_Goal of the exercise_
Your copy of the listing should be exact and should contain no pictures.

_Given information_
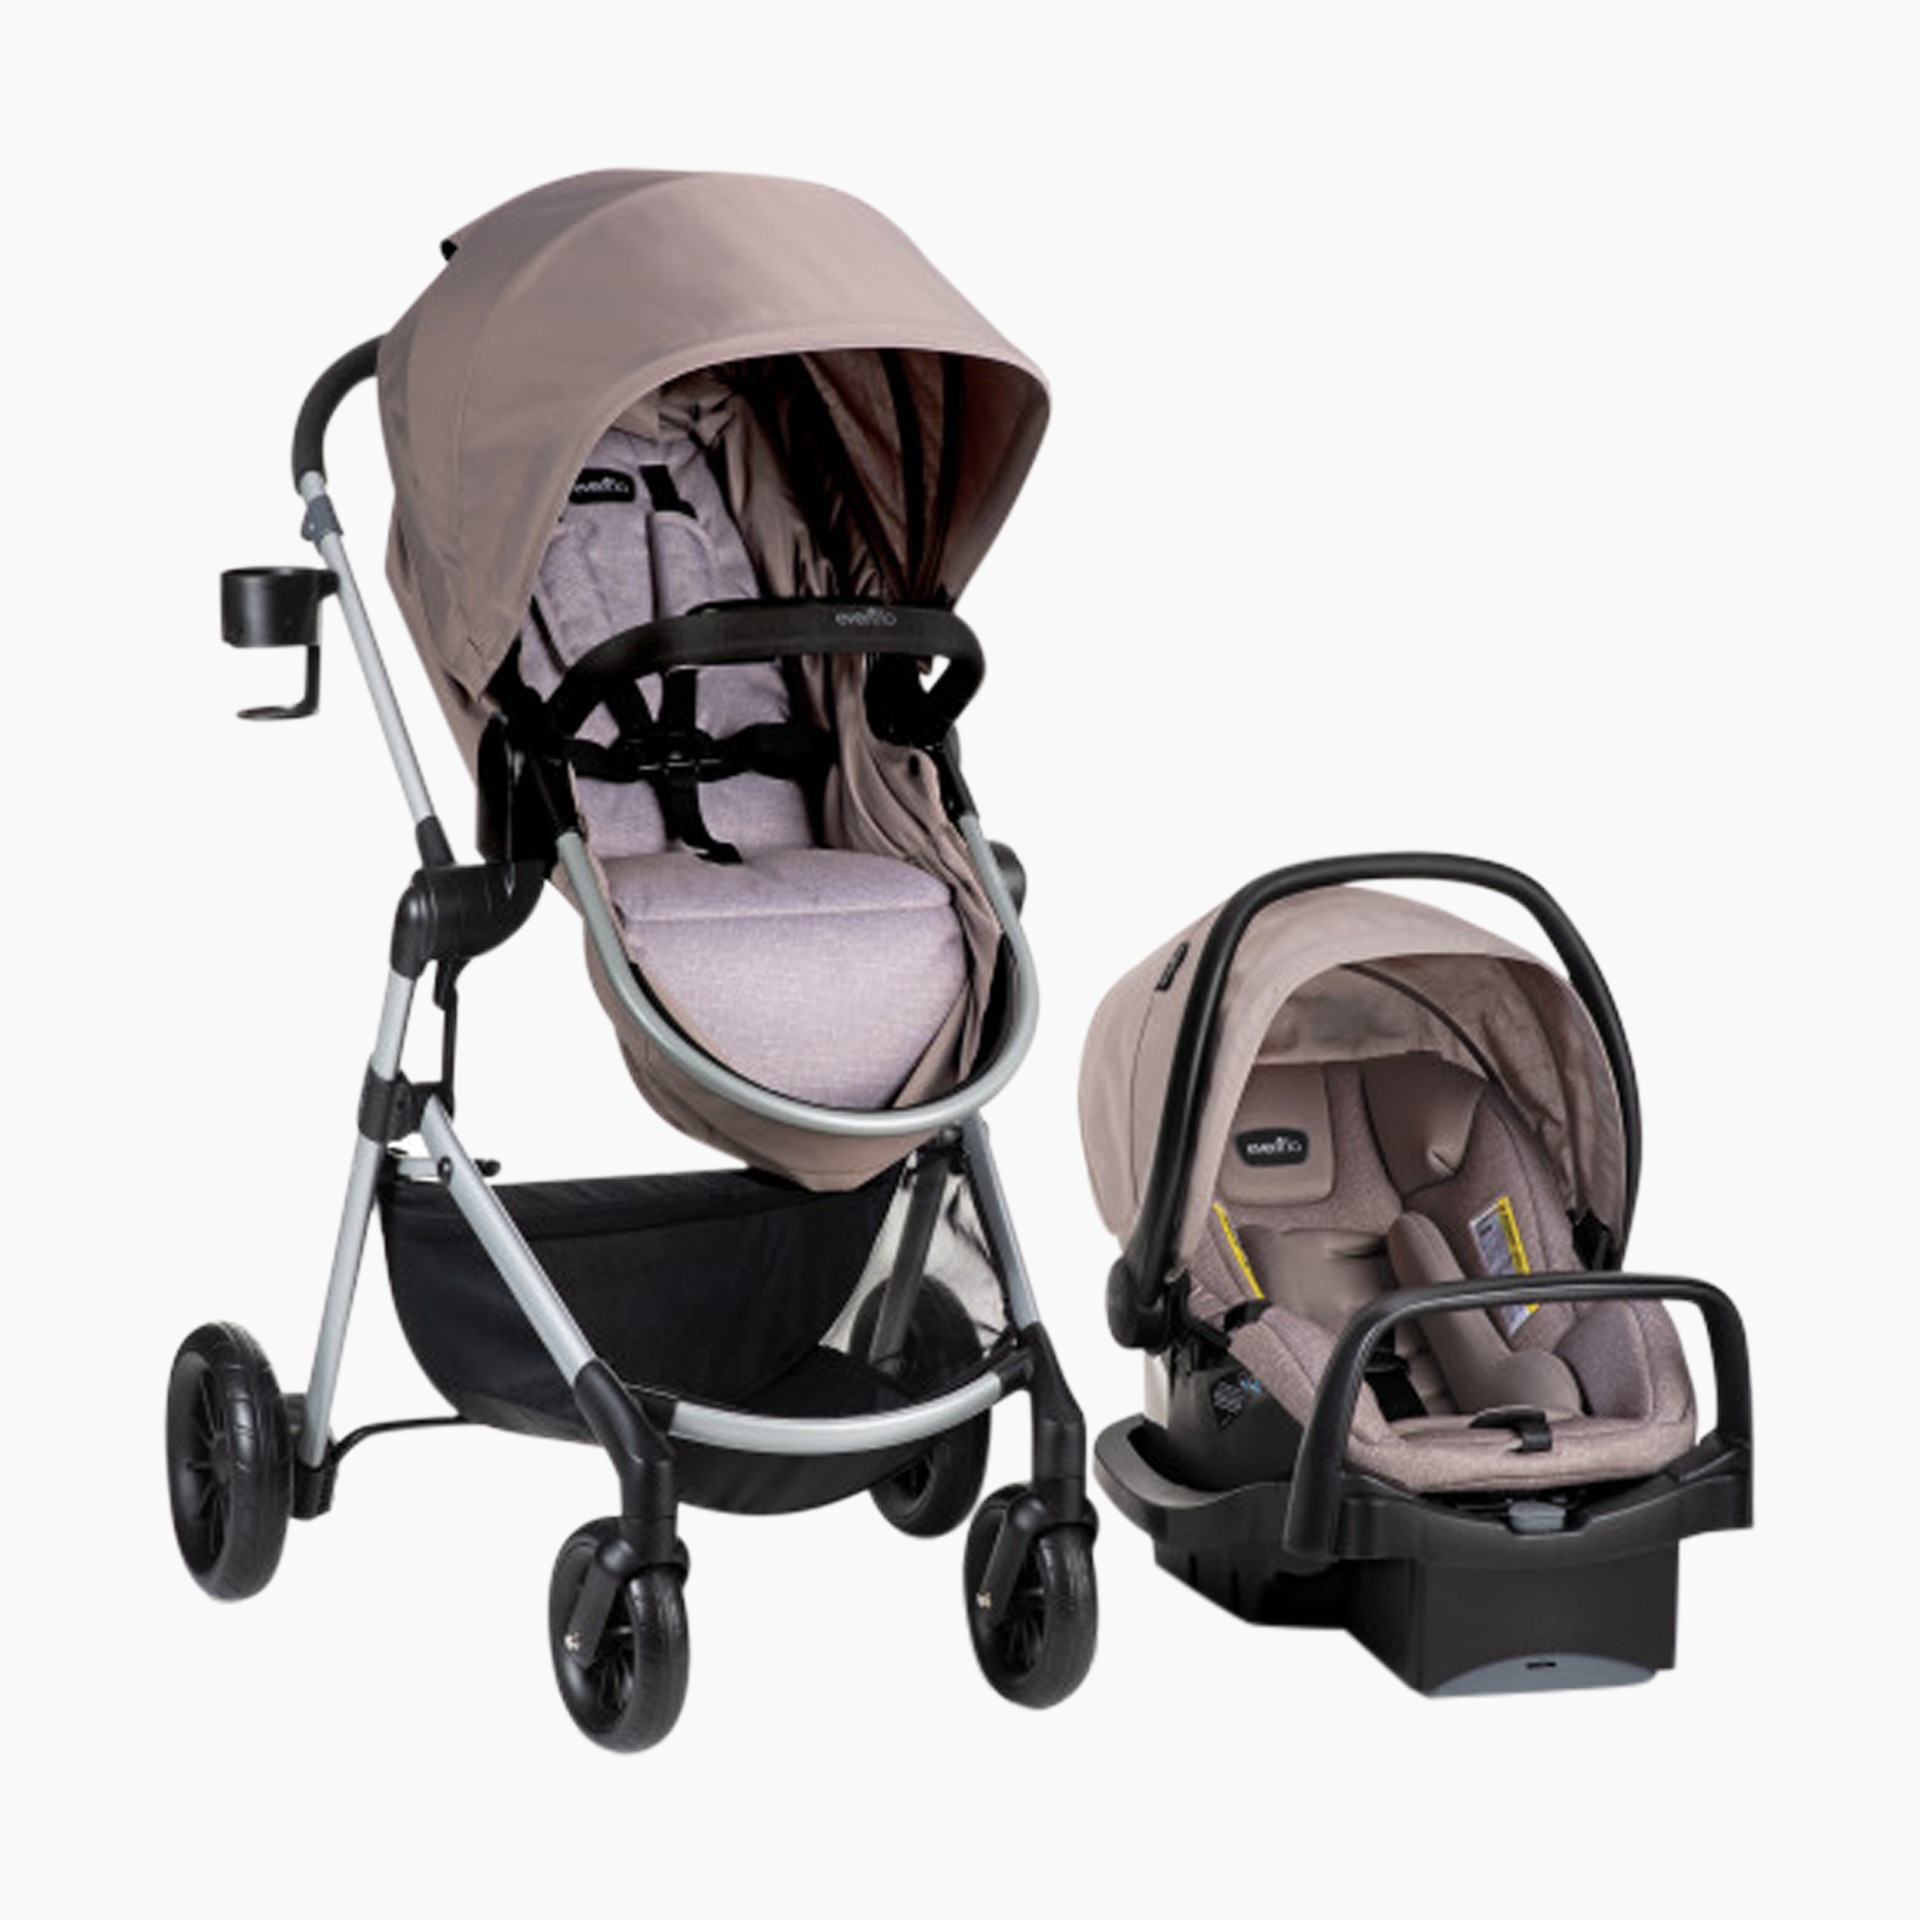 Safemax Infant Car Seat, Evenflo Safemax Infant Car Seat Head Support
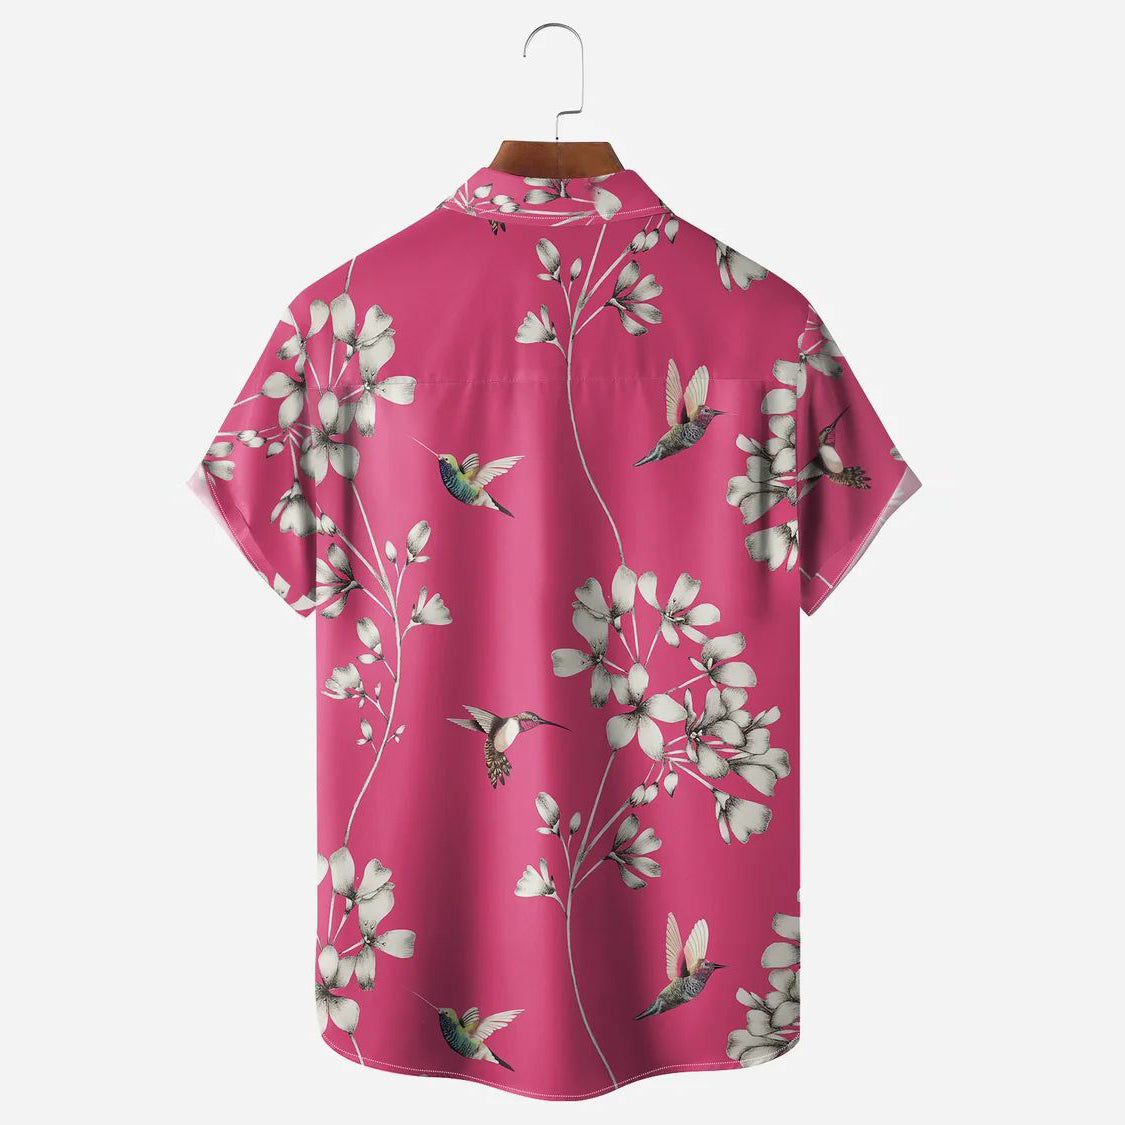 Artistic floral fashion short-sleeved shirt
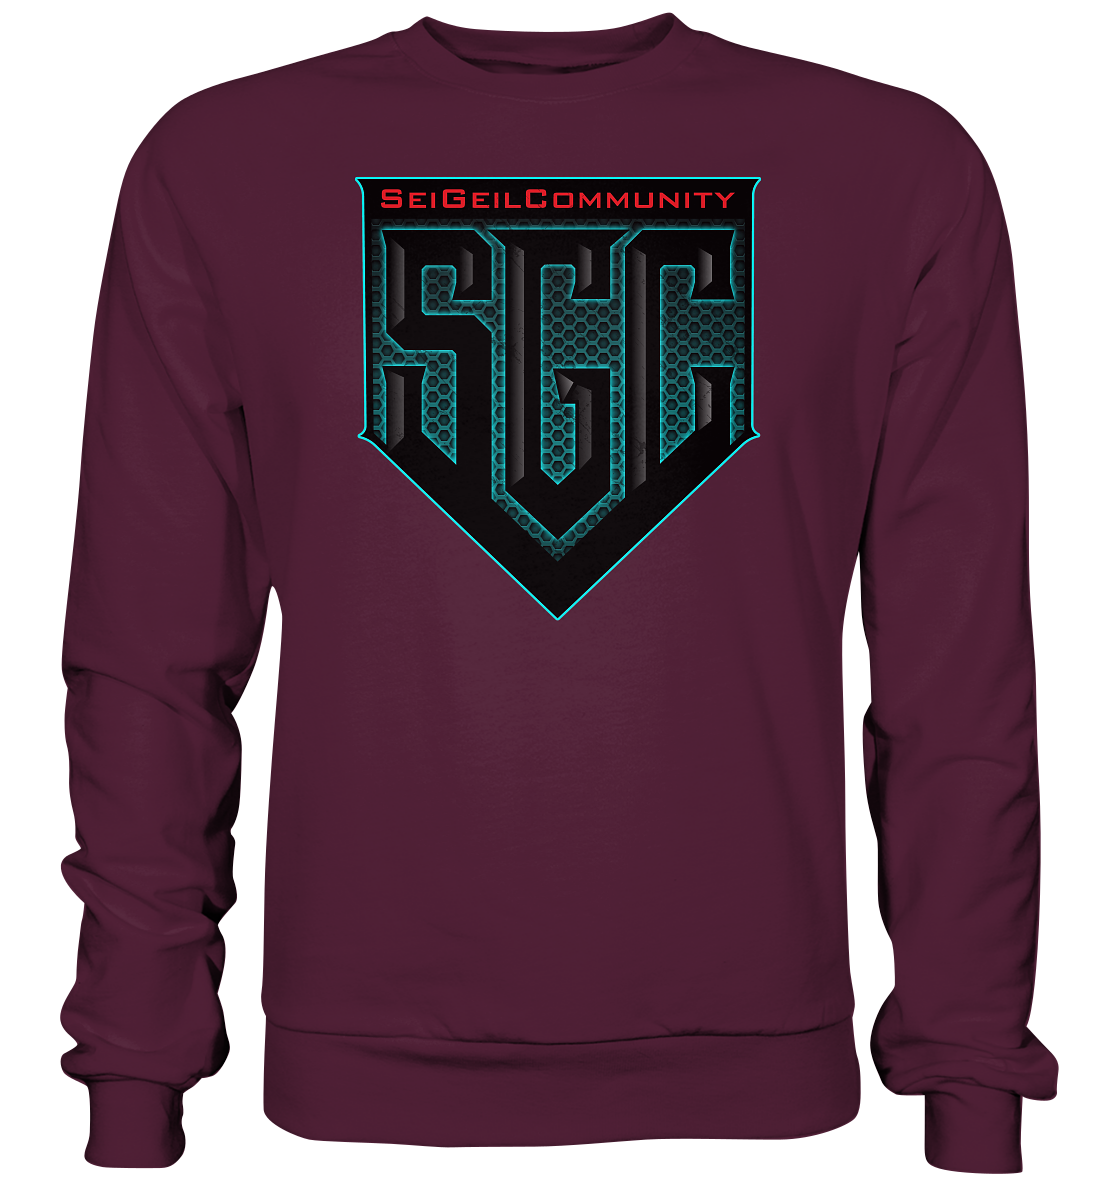 SEI GEIL COMMUNITY - Basic Sweatshirt
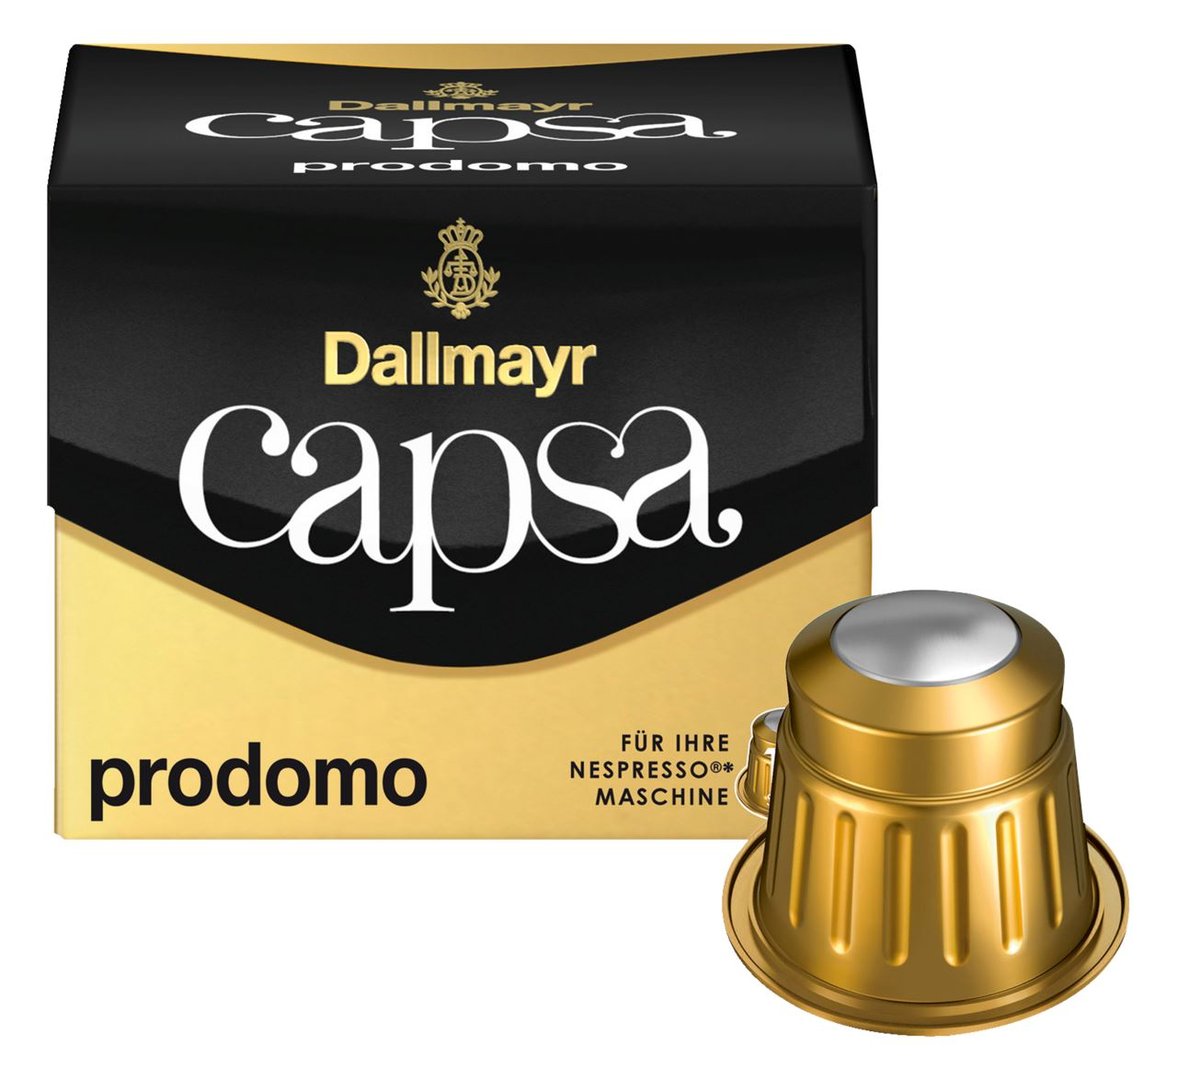 Dallmayr - Capsa Prodomo - 56 g Paket

_Exercise answer_
 Safemax Infant Car Seat, Evenflo Safemax Infant Car Seat Head Support
 Artistic floral fashion short-sleeved shirt
 SEI GEIL COMMUNITY - Basic Sweatshirt
 Dallmayr - Capsa Prodomo - 56 g Paket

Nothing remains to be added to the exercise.